## Task goal
Down to the last line of the listing, starting at the one with "RA, Rentekammeret inntil", retype each line exactly. Do not copy the pictures.

--- Input data Enclosed Below ---

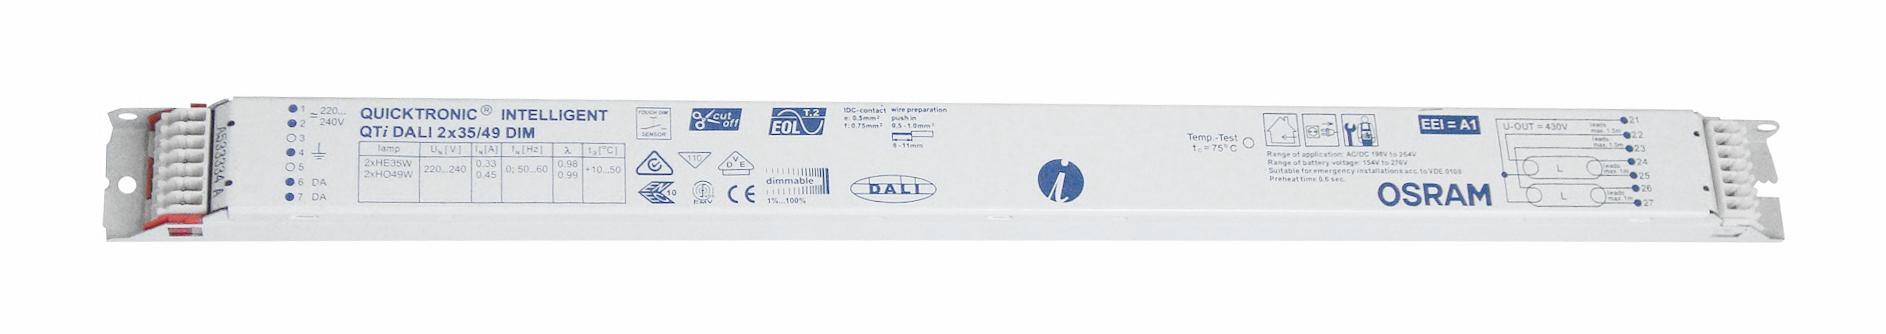 1 Stk EVG QTIDALI 2x35/49/220-240 für T5 dimmbar DALI LI5Z870465
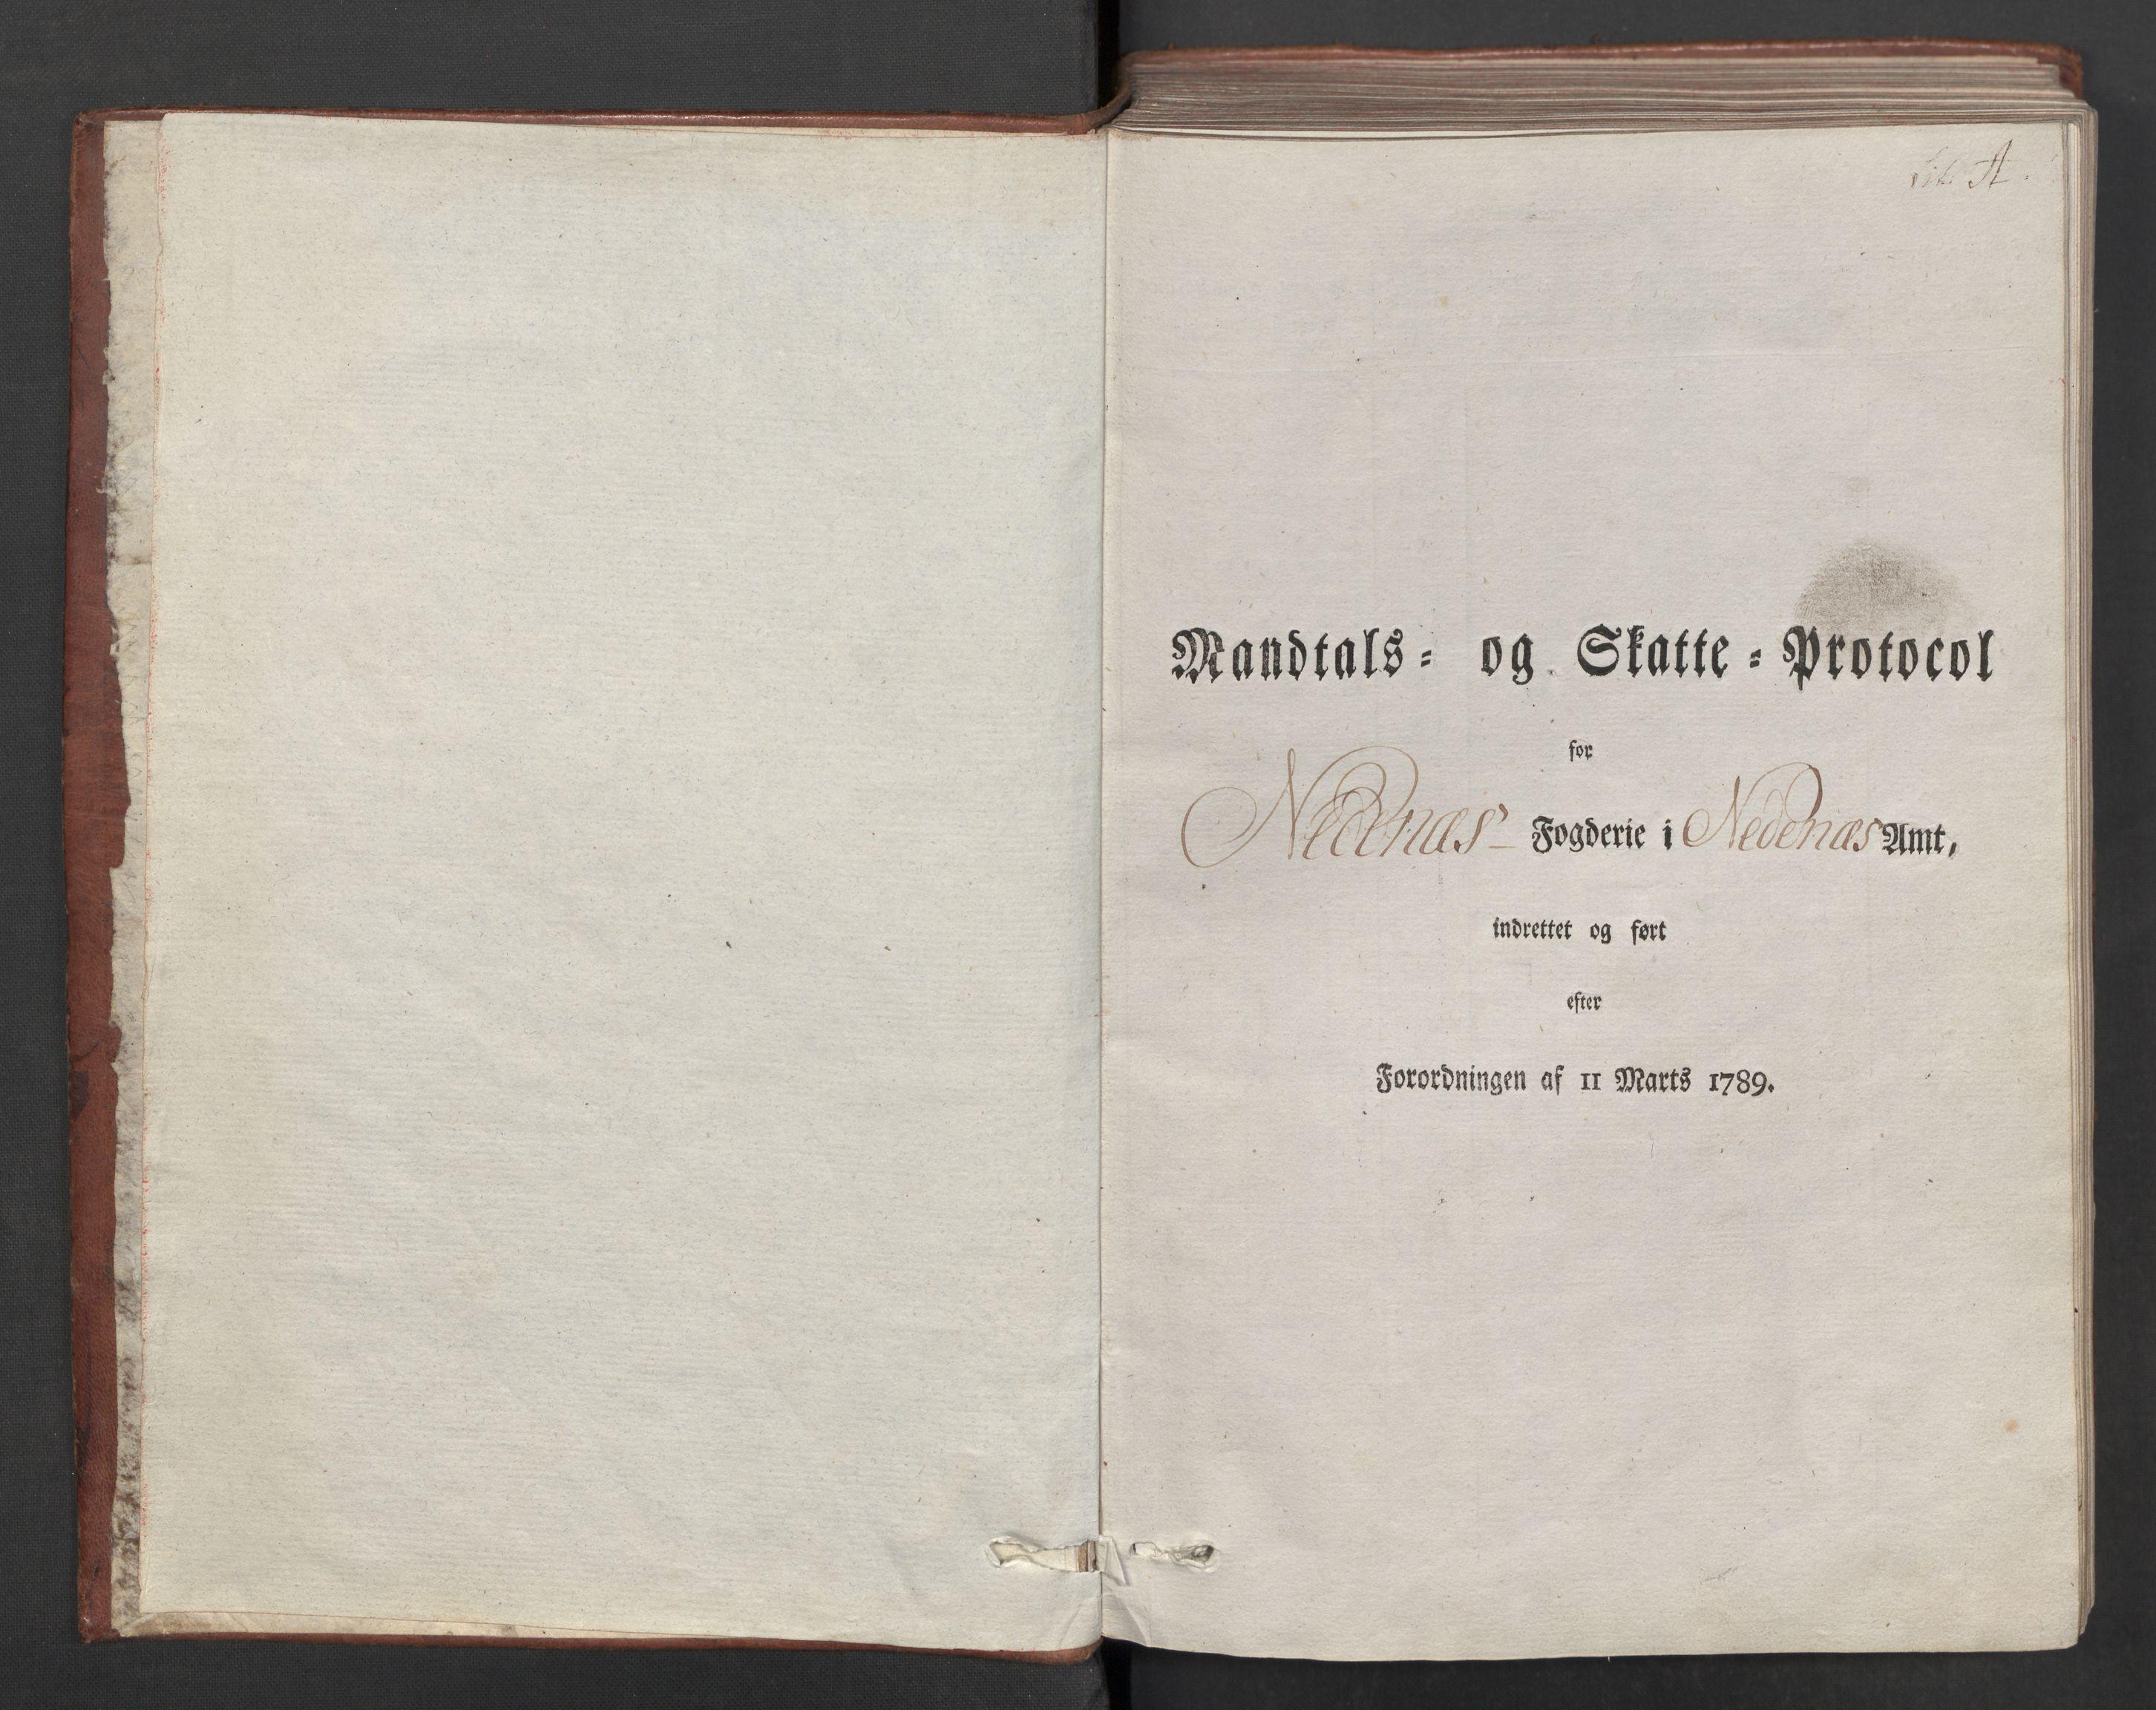 RA, Rentekammeret inntil 1814, Reviderte regnskaper, Mindre regnskaper, Rf/Rfe/L0026: Nedenes fogderi, 1789, s. 3
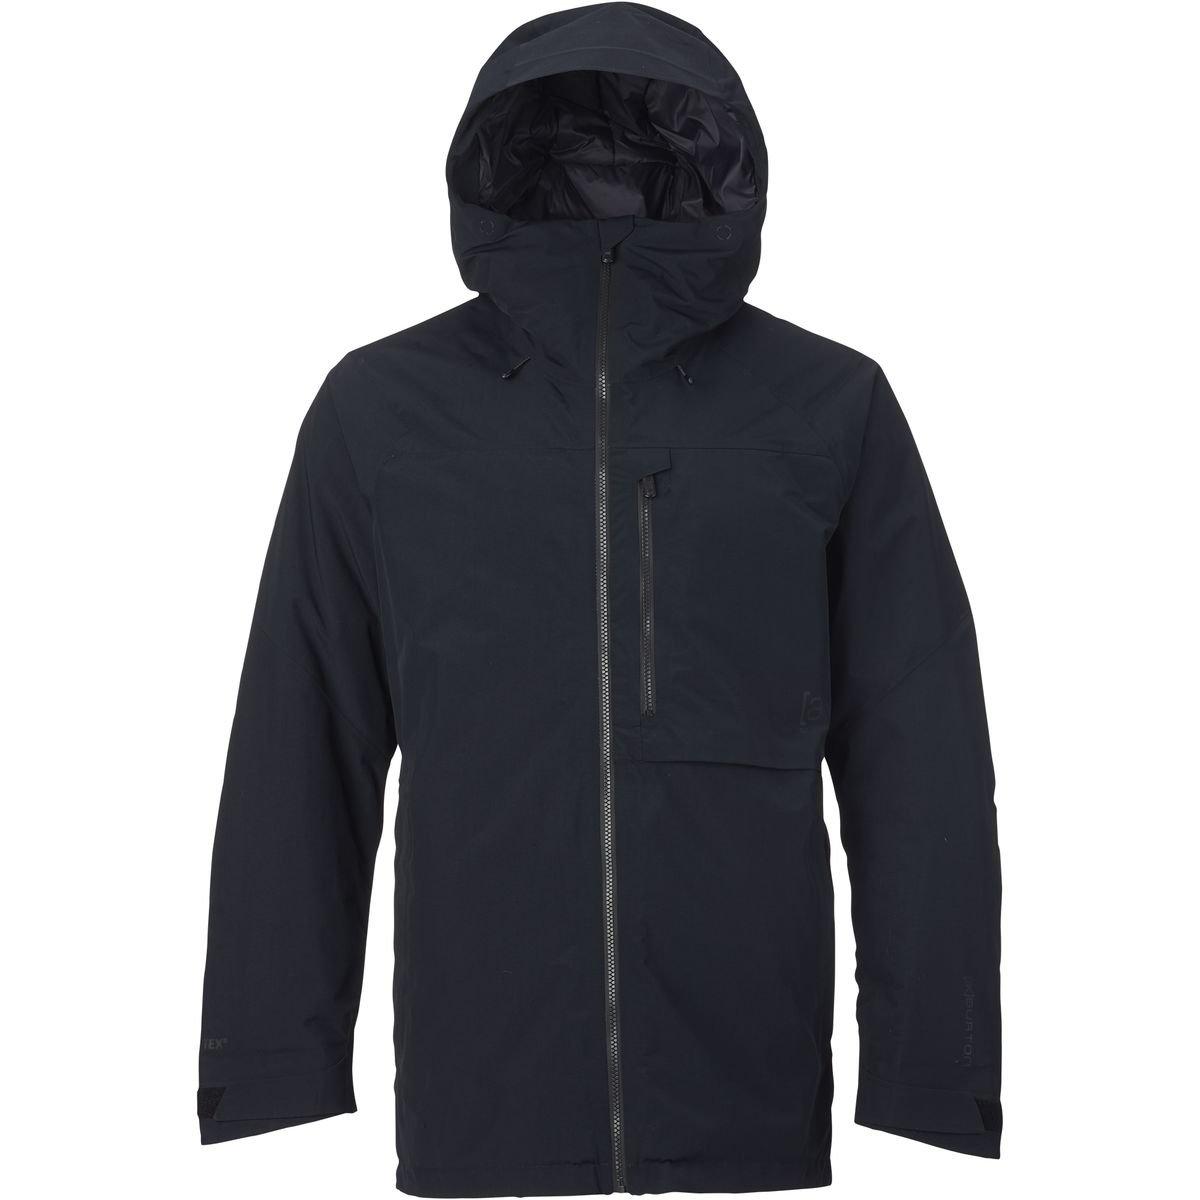 (バートン) Burton AK 2L Helitack Insulated Jacket メンズ ジャケットTrue Black [並行輸入品] B072KDKPNW  True Black 日本サイズ LL (US L)
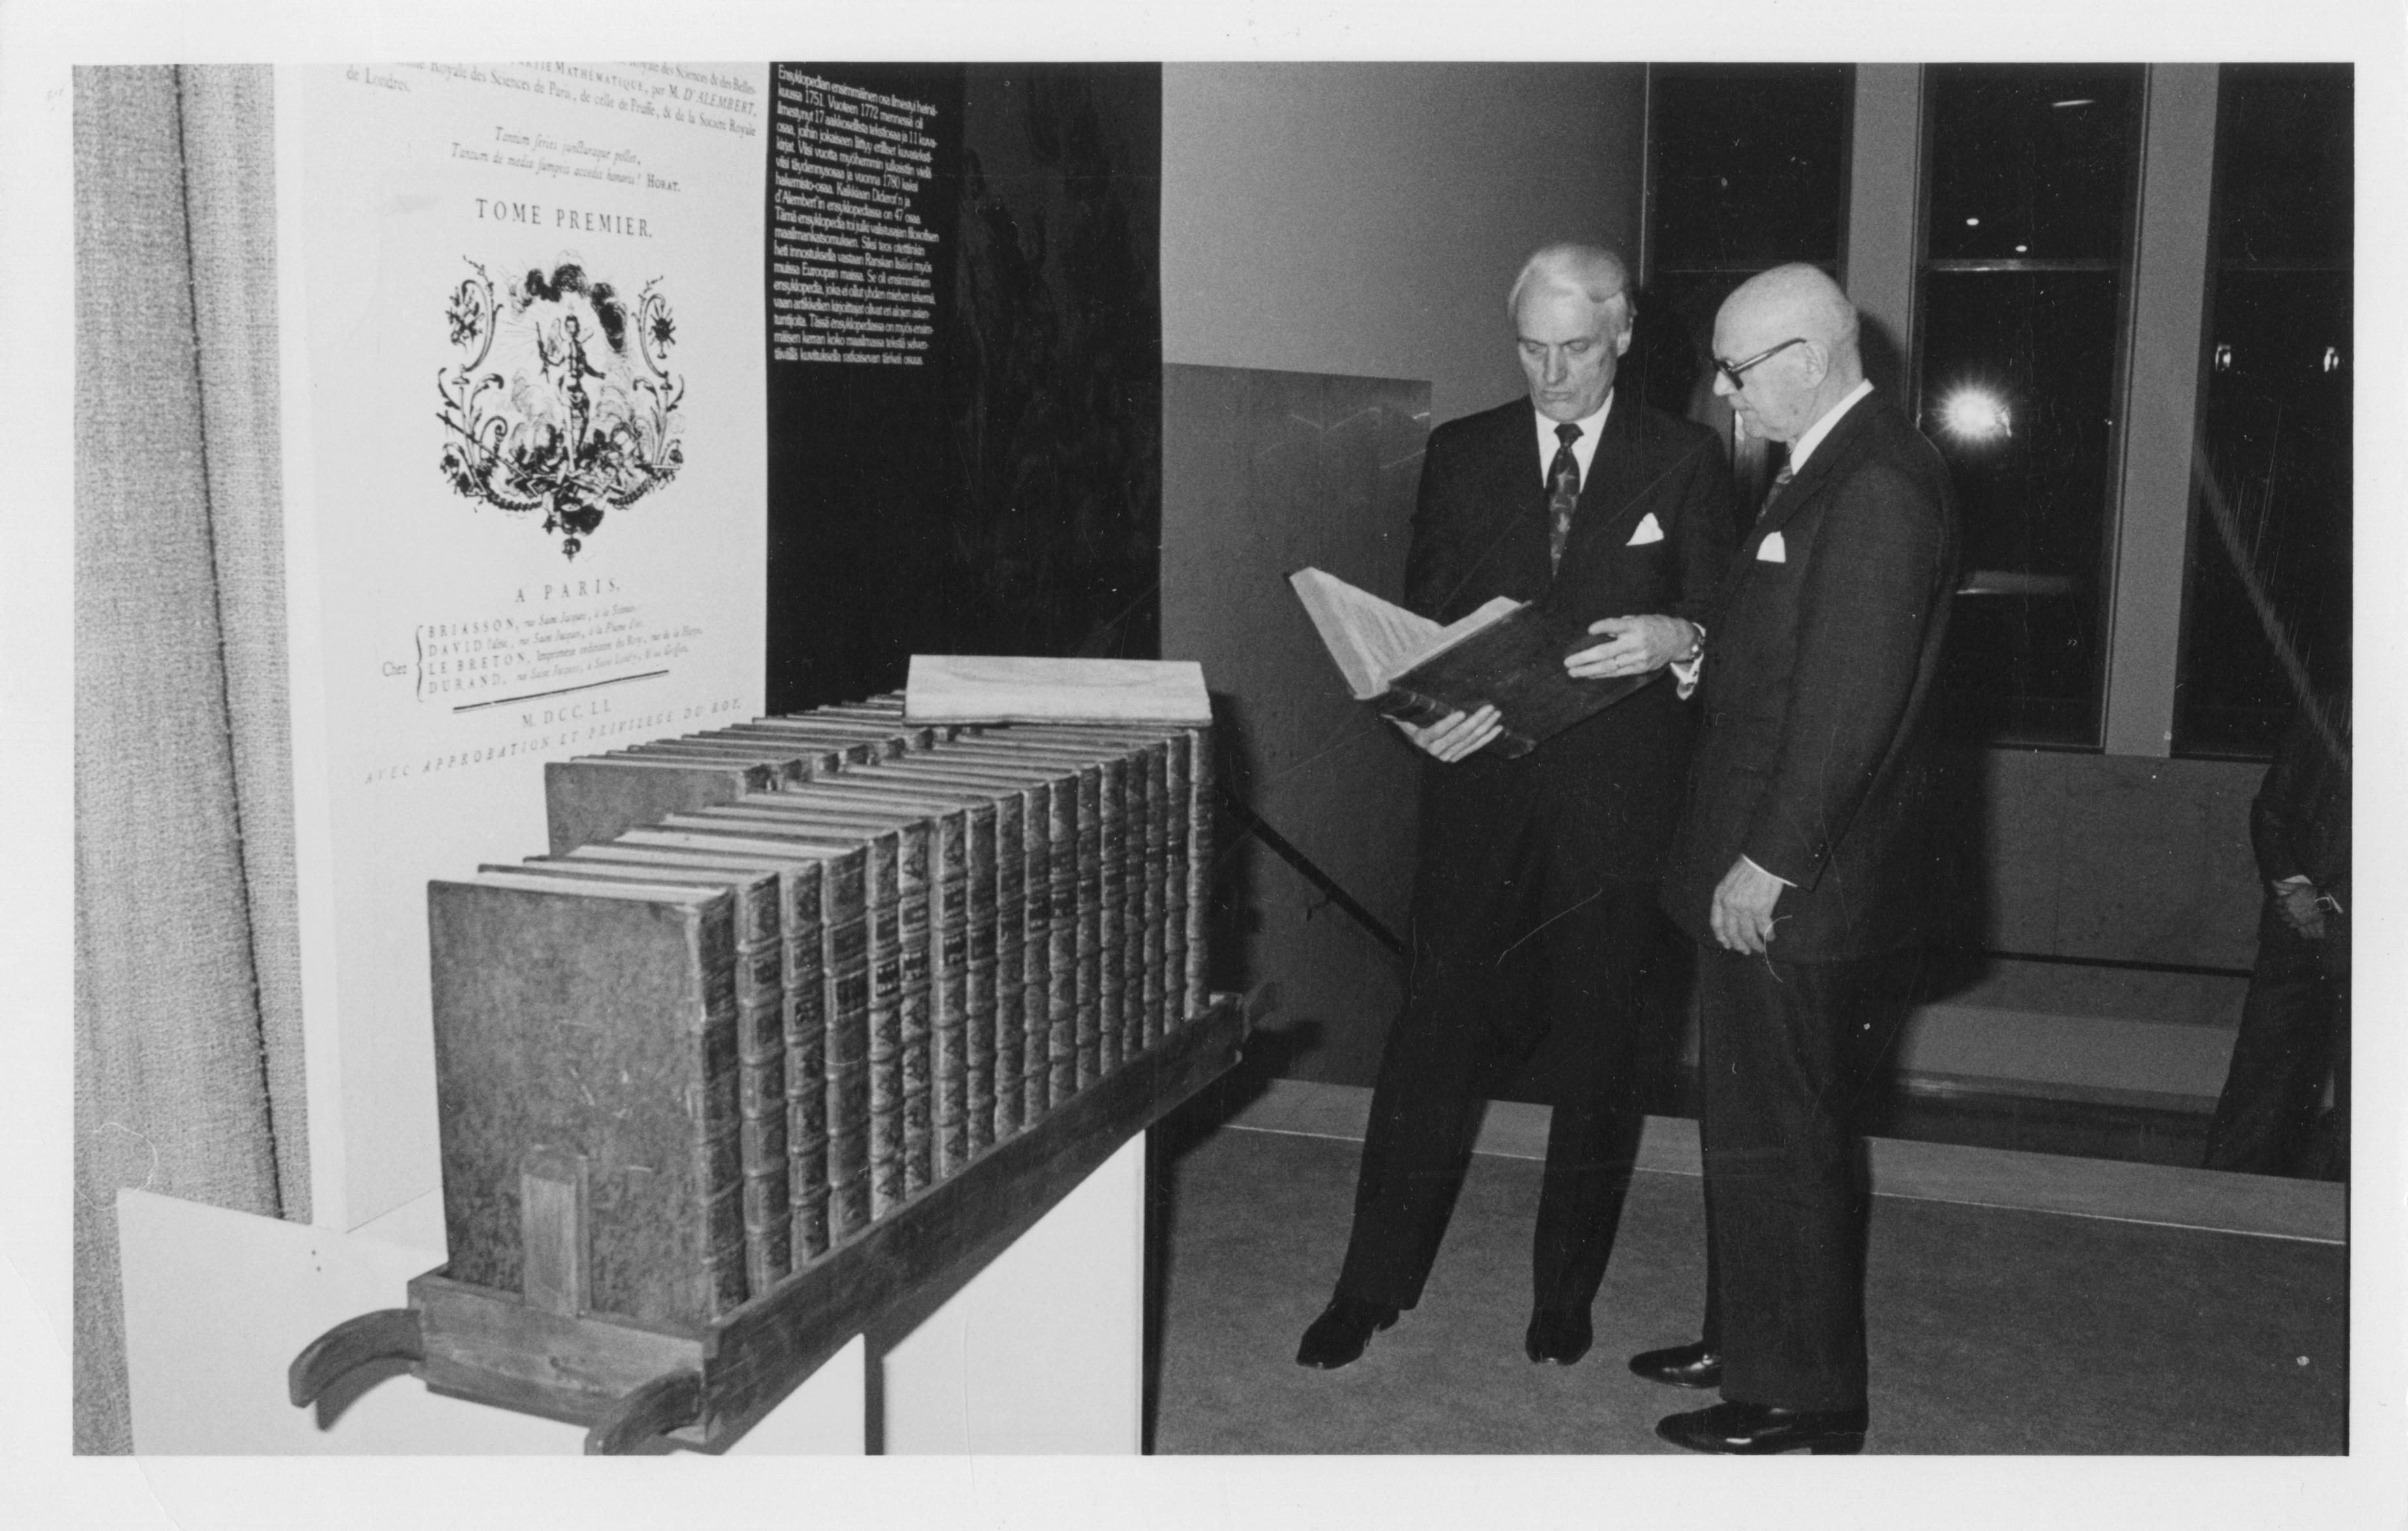 Otavan toimitusjohtaja Heikki A. Reenpää ja presidentti Urho Kekkonen vuonna 1976.

--- End of Enclosed Input data ---

## Response to the exercise
 RA, Rentekammeret inntil 1814, Reviderte regnskaper, Mindre regnskaper, Rf/Rfe/L0026: Nedenes fogderi, 1789, s. 3
 (バートン) Burton AK 2L Helitack Insulated Jacket メンズ ジャケットTrue Black [並行輸入品] B072KDKPNW  True Black 日本サイズ LL (US L)
 Otavan toimitusjohtaja Heikki A. Reenpää ja presidentti Urho Kekkonen vuonna 1976.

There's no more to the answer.